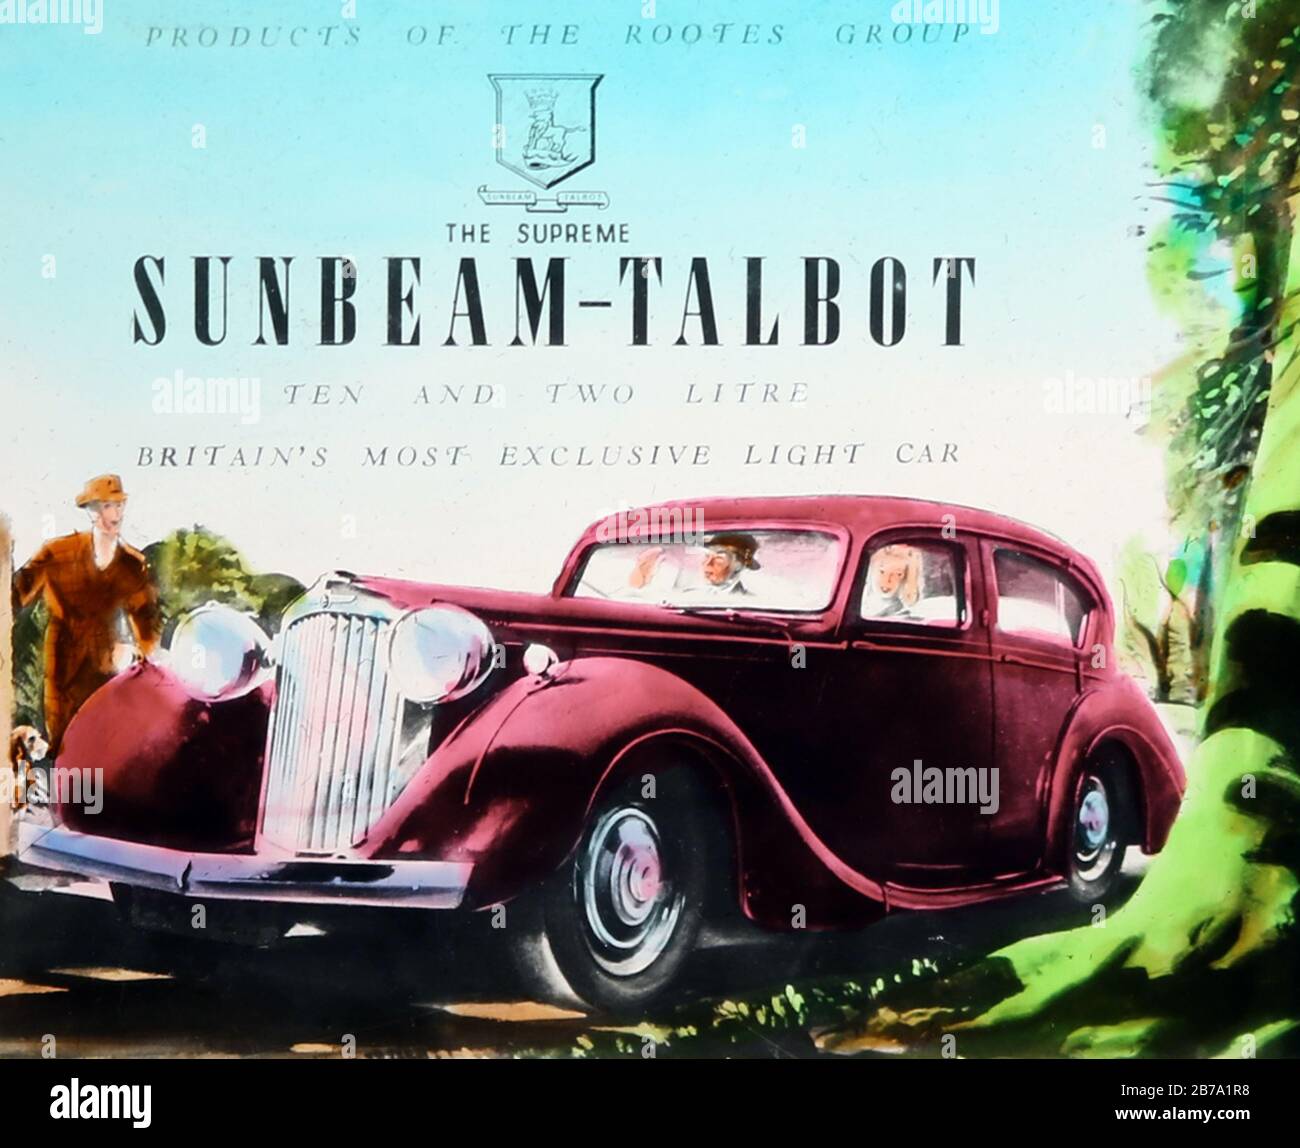 Sunbeam Talbot cinema advertisement, probably 1940s Stock Photo
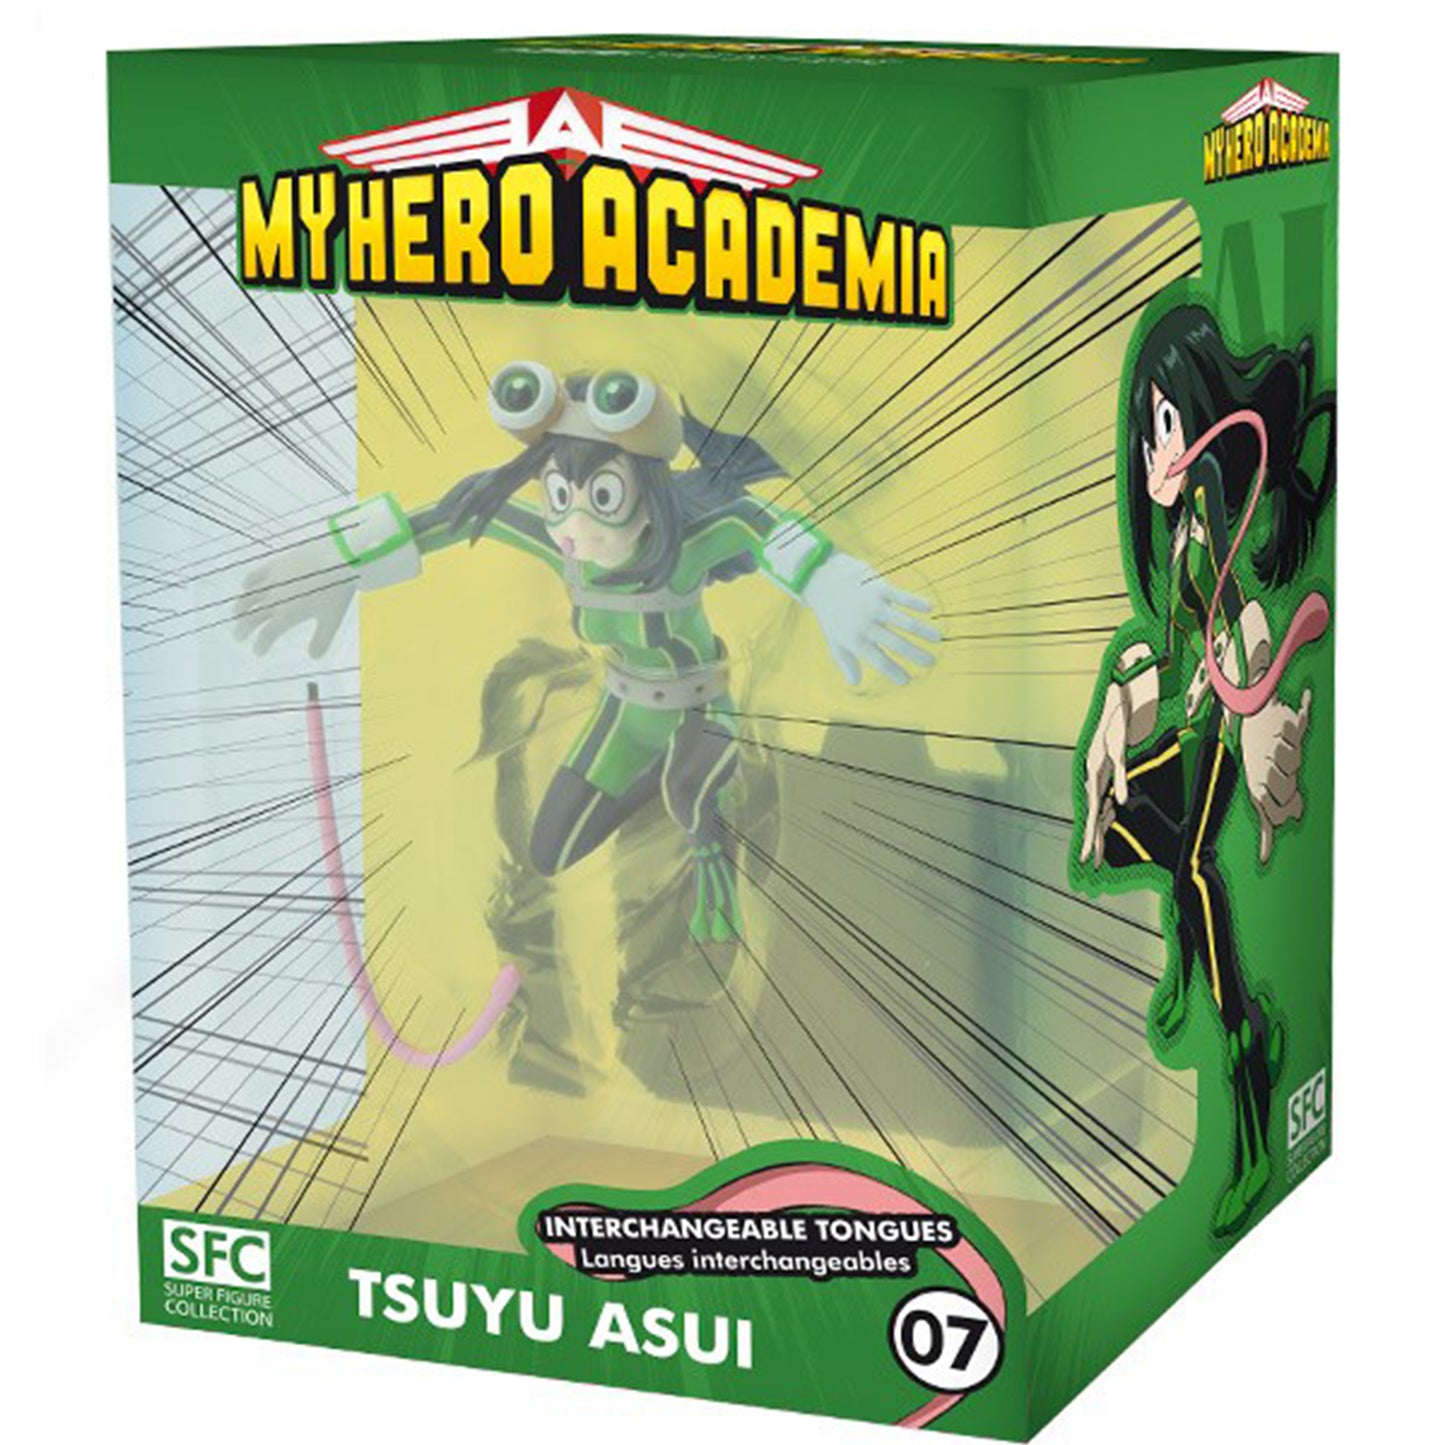 My Hero Academia - Tsuyu Asui 1:10 Scale Action Figure in Box | Happy Piranha
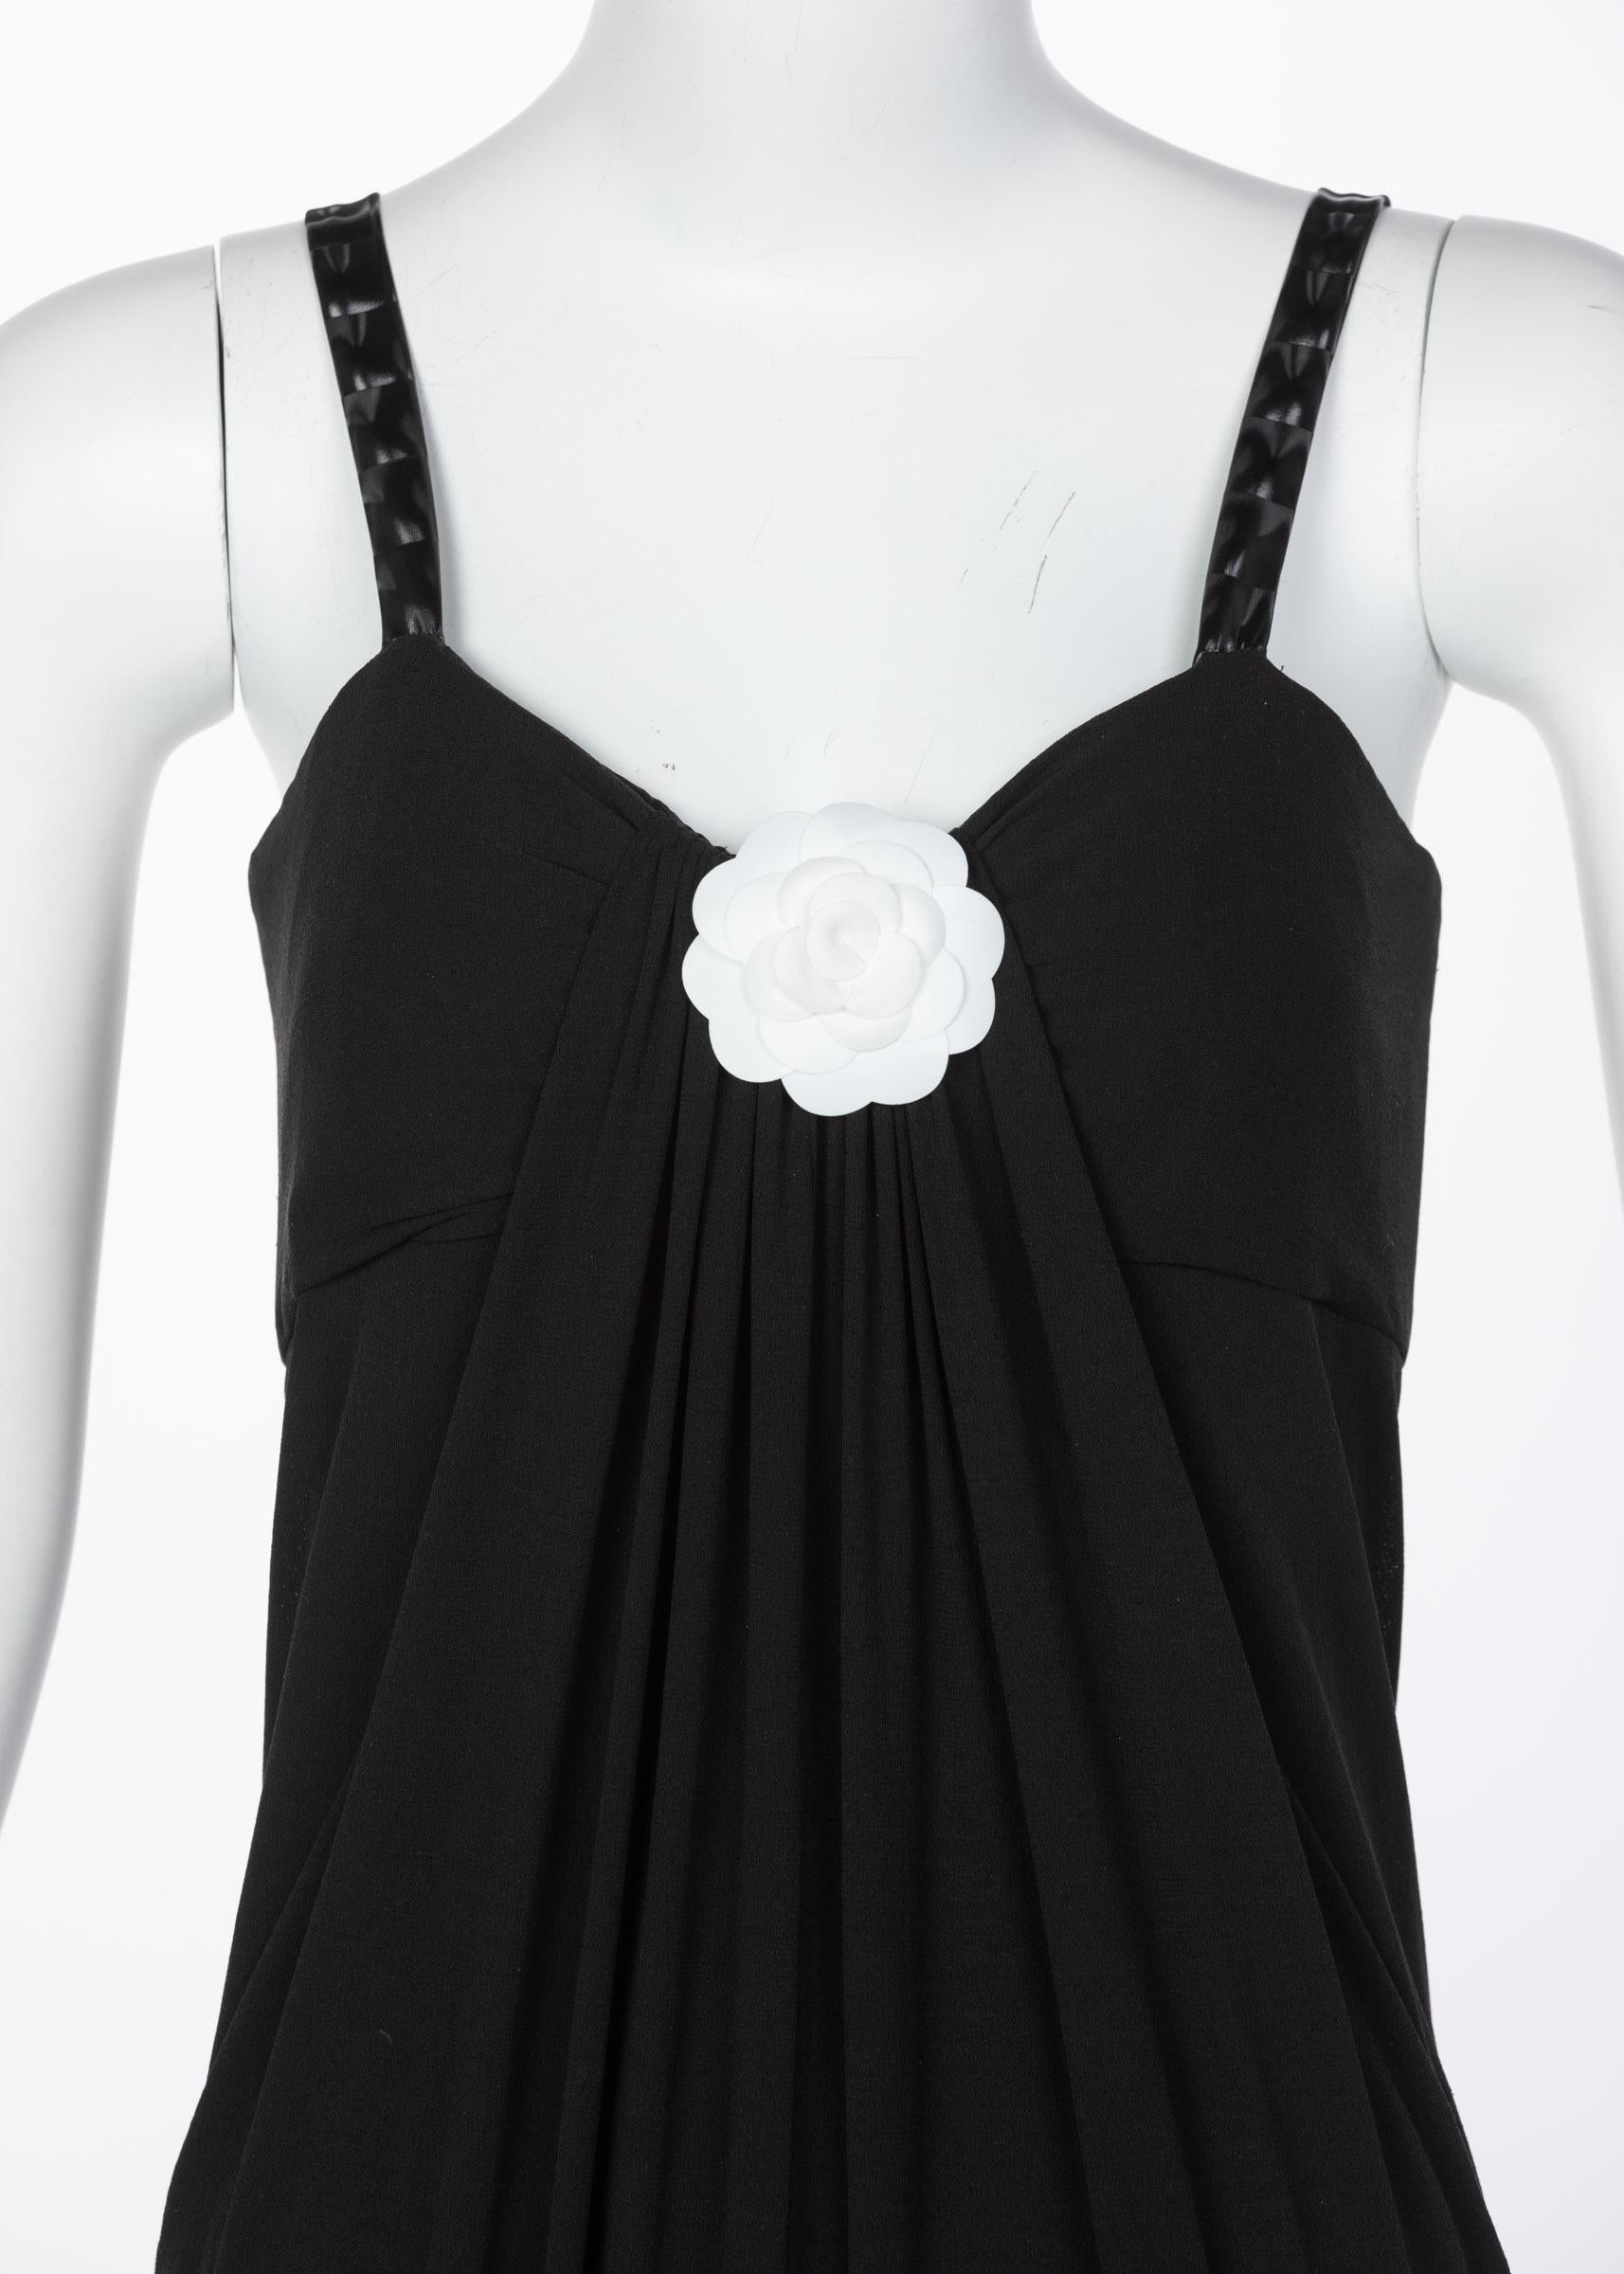 Chanel Sleeveless Black Cocktail Dress Camellia Laser Cut Bomber Jacket Set, 3
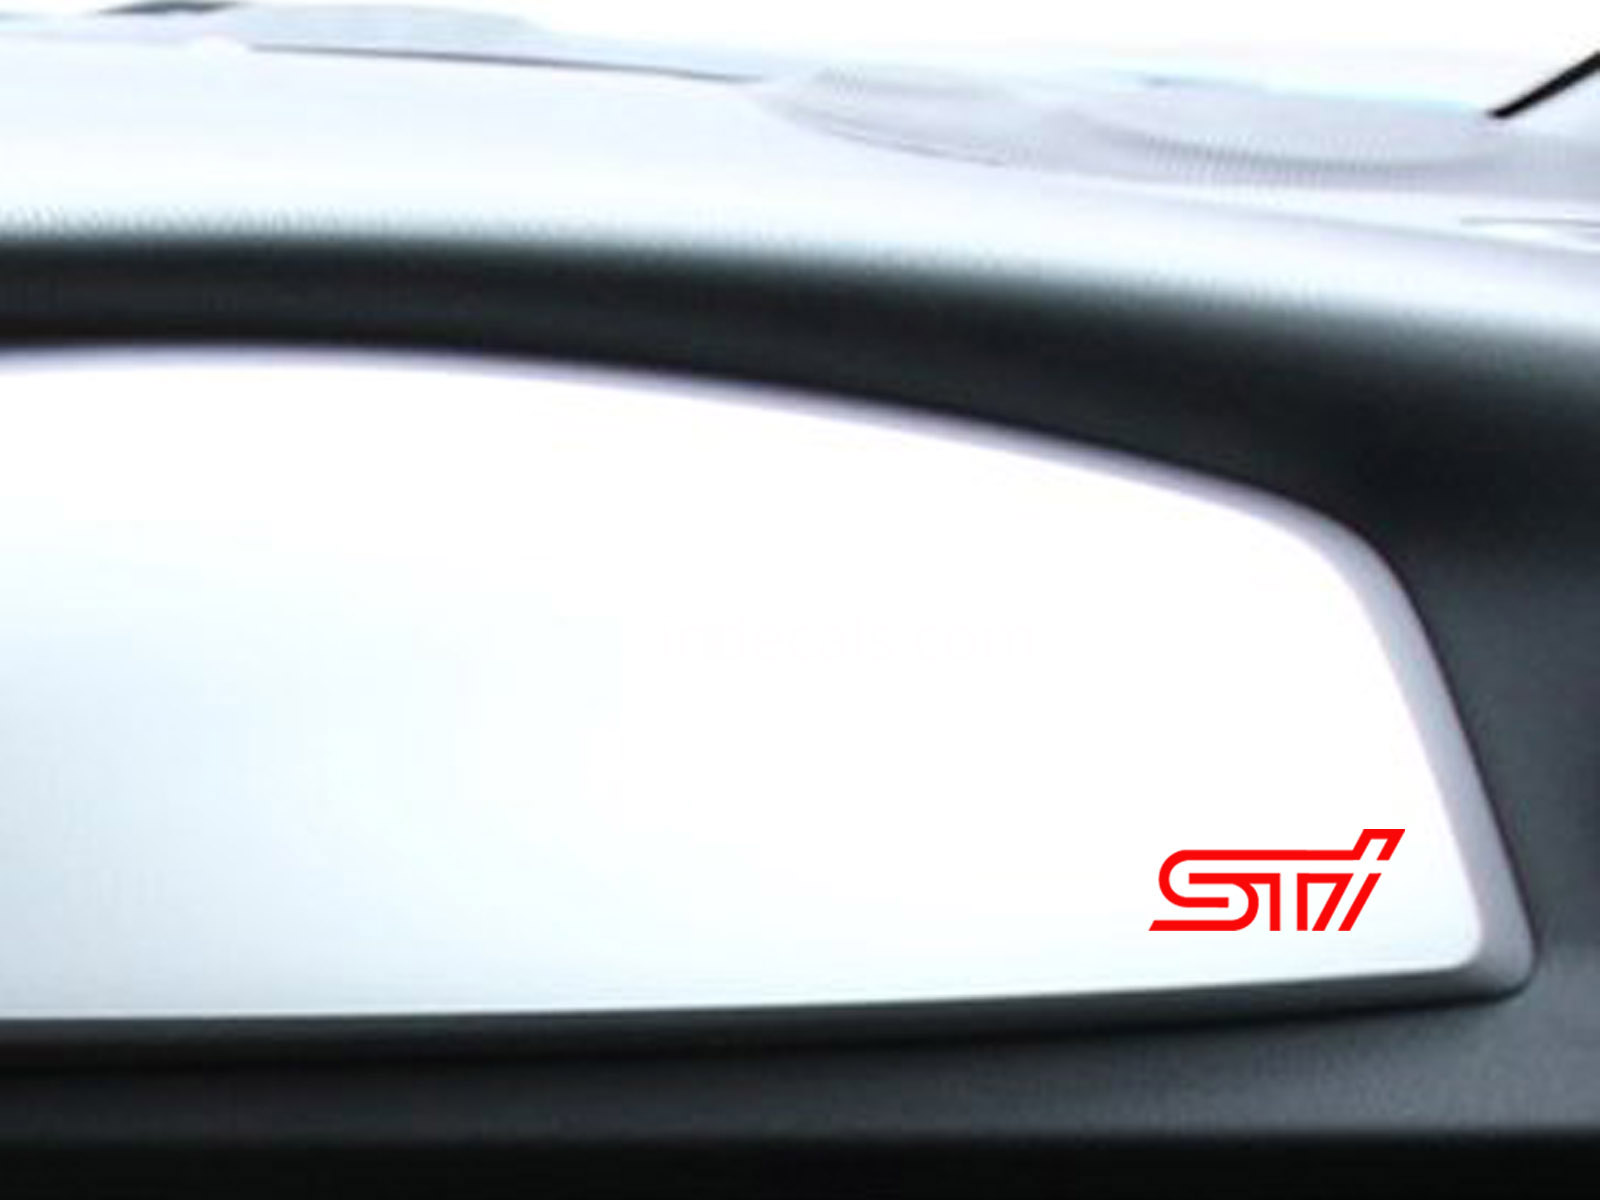 2 x Subaru STI stickers for Dash Trim - Red
#####
→ **Brief**: Give back the material word for word, without images.

→ **Solution to this problem**:
 Sunbeam Talbot cinema advertisement, probably 1940s Stock Photo
 My Hero Academia - Tsuyu Asui 1:10 Scale Action Figure in Box | Happy Piranha
 Chanel Sleeveless Black Cocktail Dress Camellia Laser Cut Bomber Jacket Set, 3
 2 x Subaru STI stickers for Dash Trim - Red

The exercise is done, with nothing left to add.